**Exercise**
Whenever an image turns up, omit it and return the remaining data exactly.

Segment Start: Supplied data

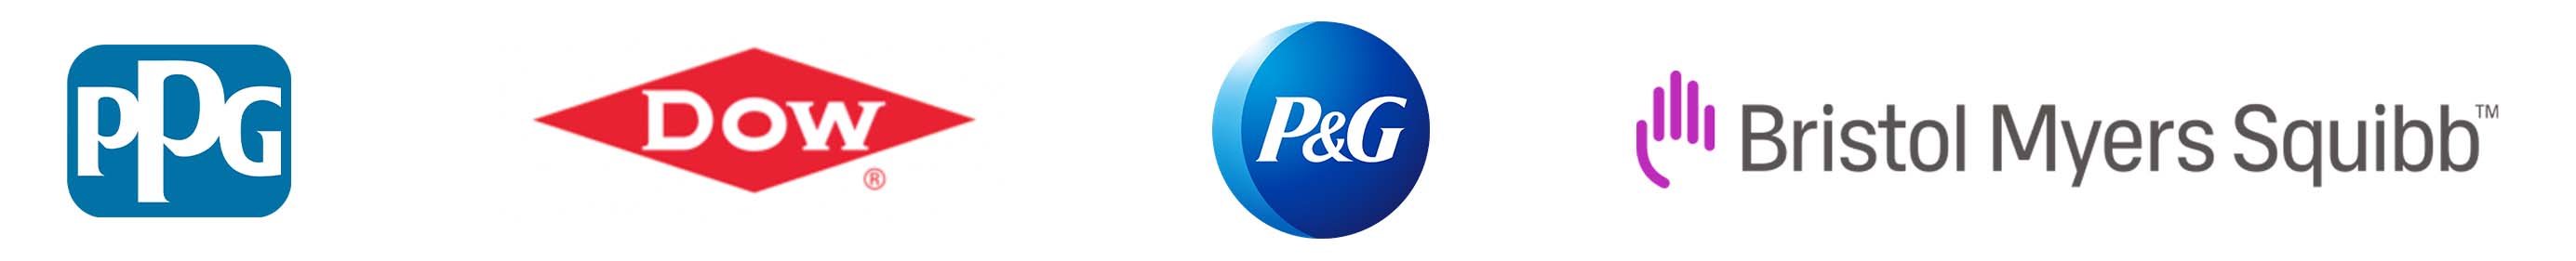 company logos - PPG, Proctor and Gamble, Dow, Bristol Meyers Squibb
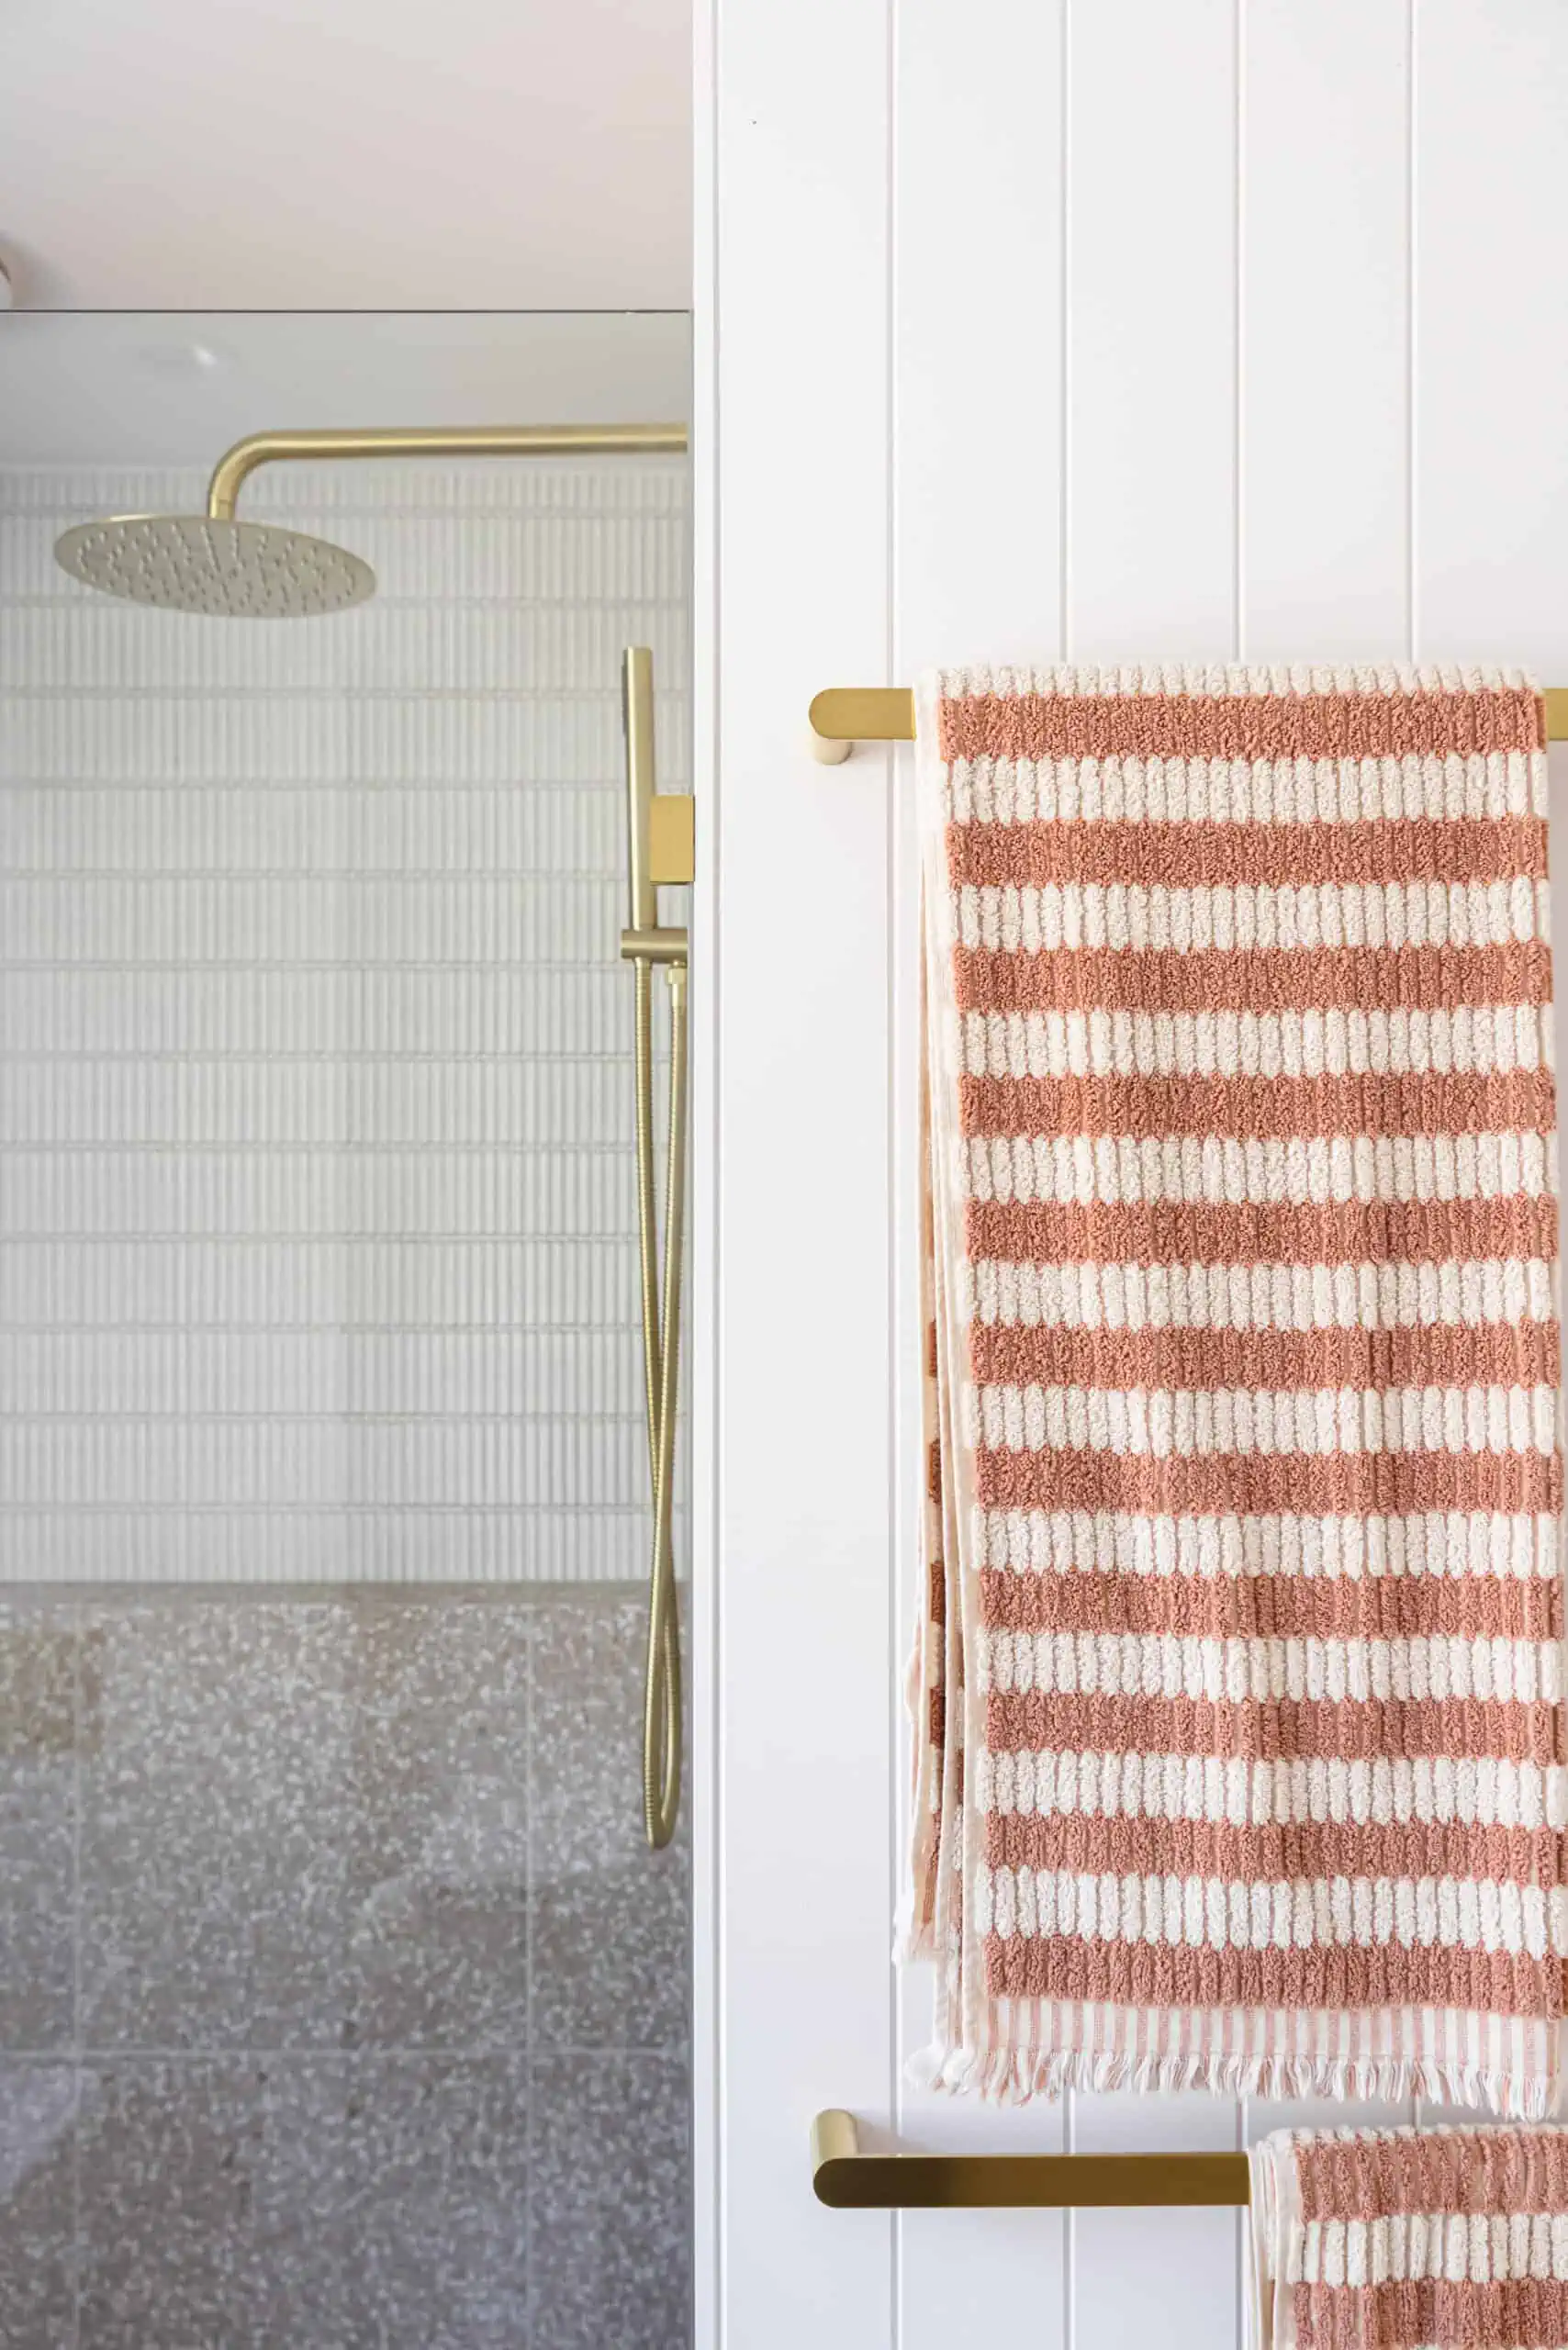 Bathroom renovation after shot showing a shower with gold accessories and a striped towel.
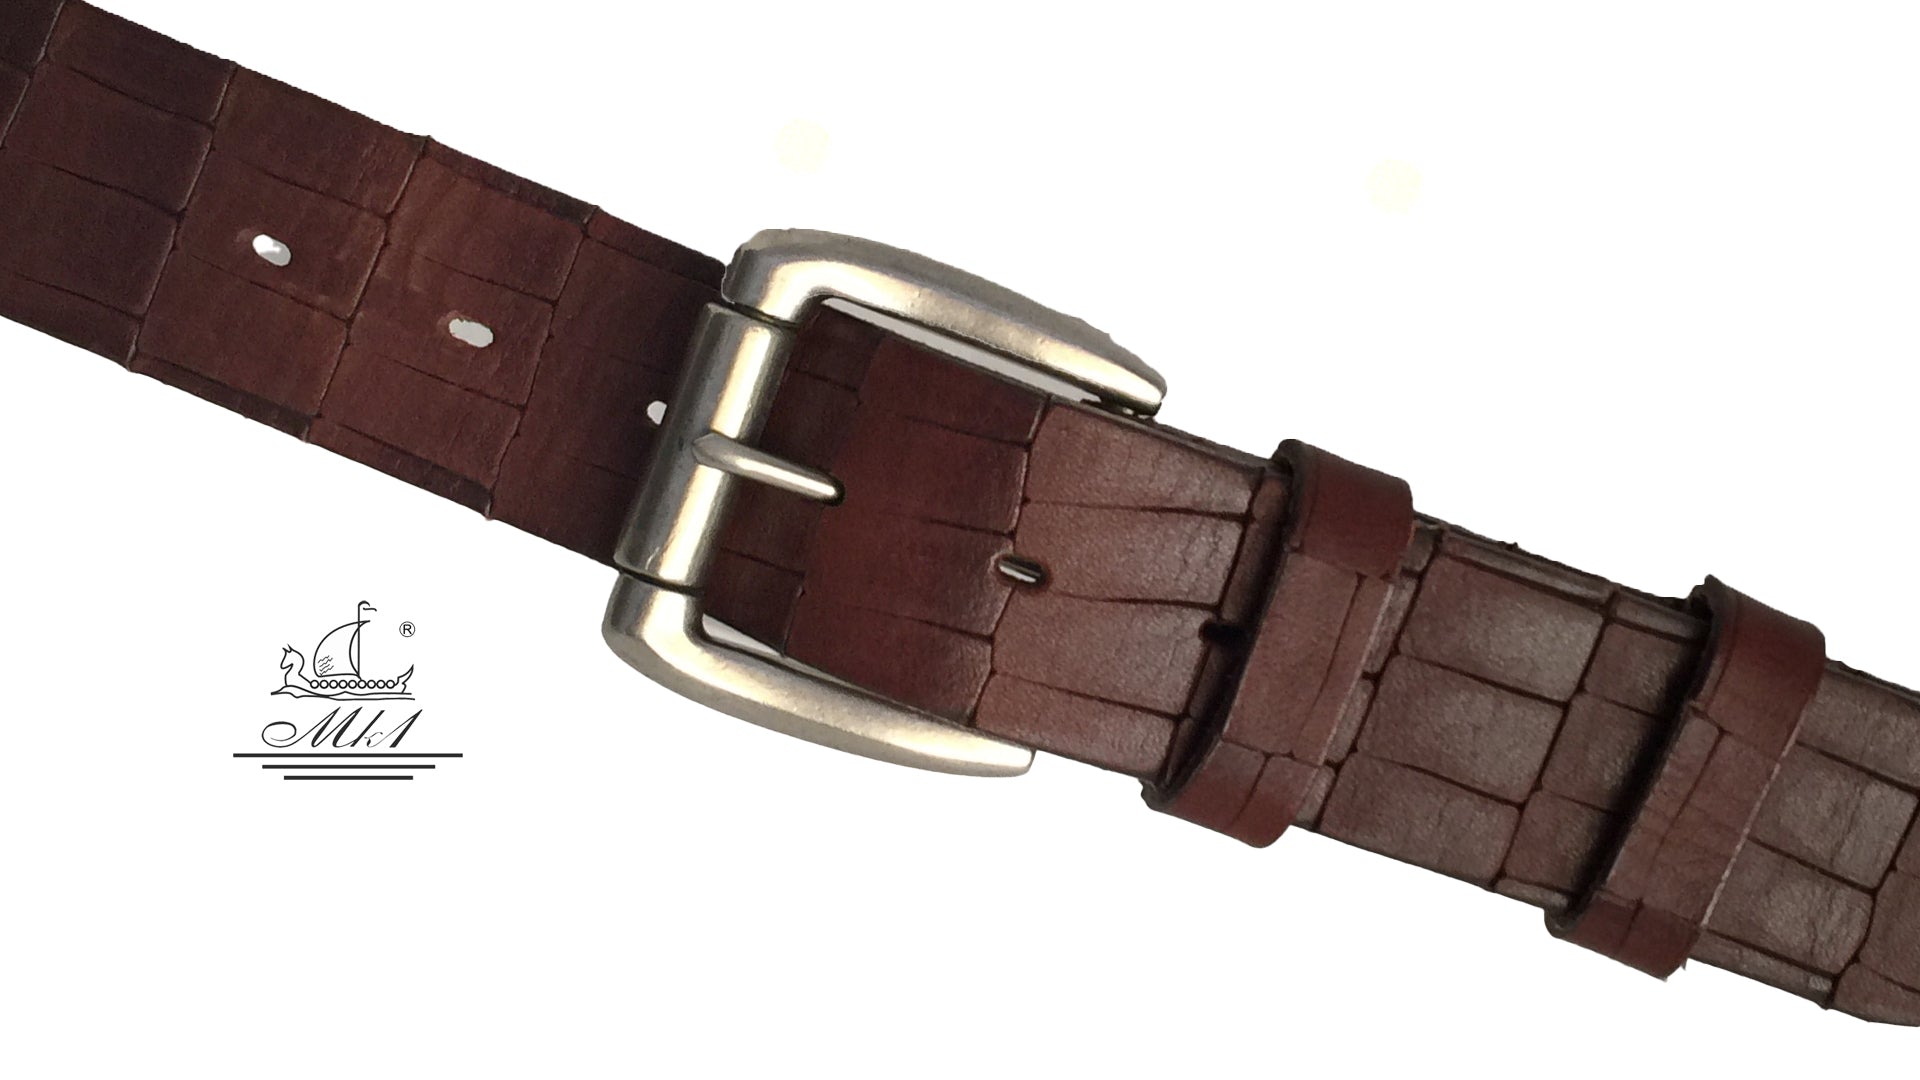 22/40k-kr Hand made  leather belt, 4 cm width, and  roll buckle.

Segment End: Supplied data

**Worked solution**
 company logos - PPG, Proctor and Gamble, Dow, Bristol Meyers Squibb
 Bathroom renovation after shot showing a shower with gold accessories and a striped towel.
 22/40k-kr Hand made  leather belt, 4 cm width, and  roll buckle.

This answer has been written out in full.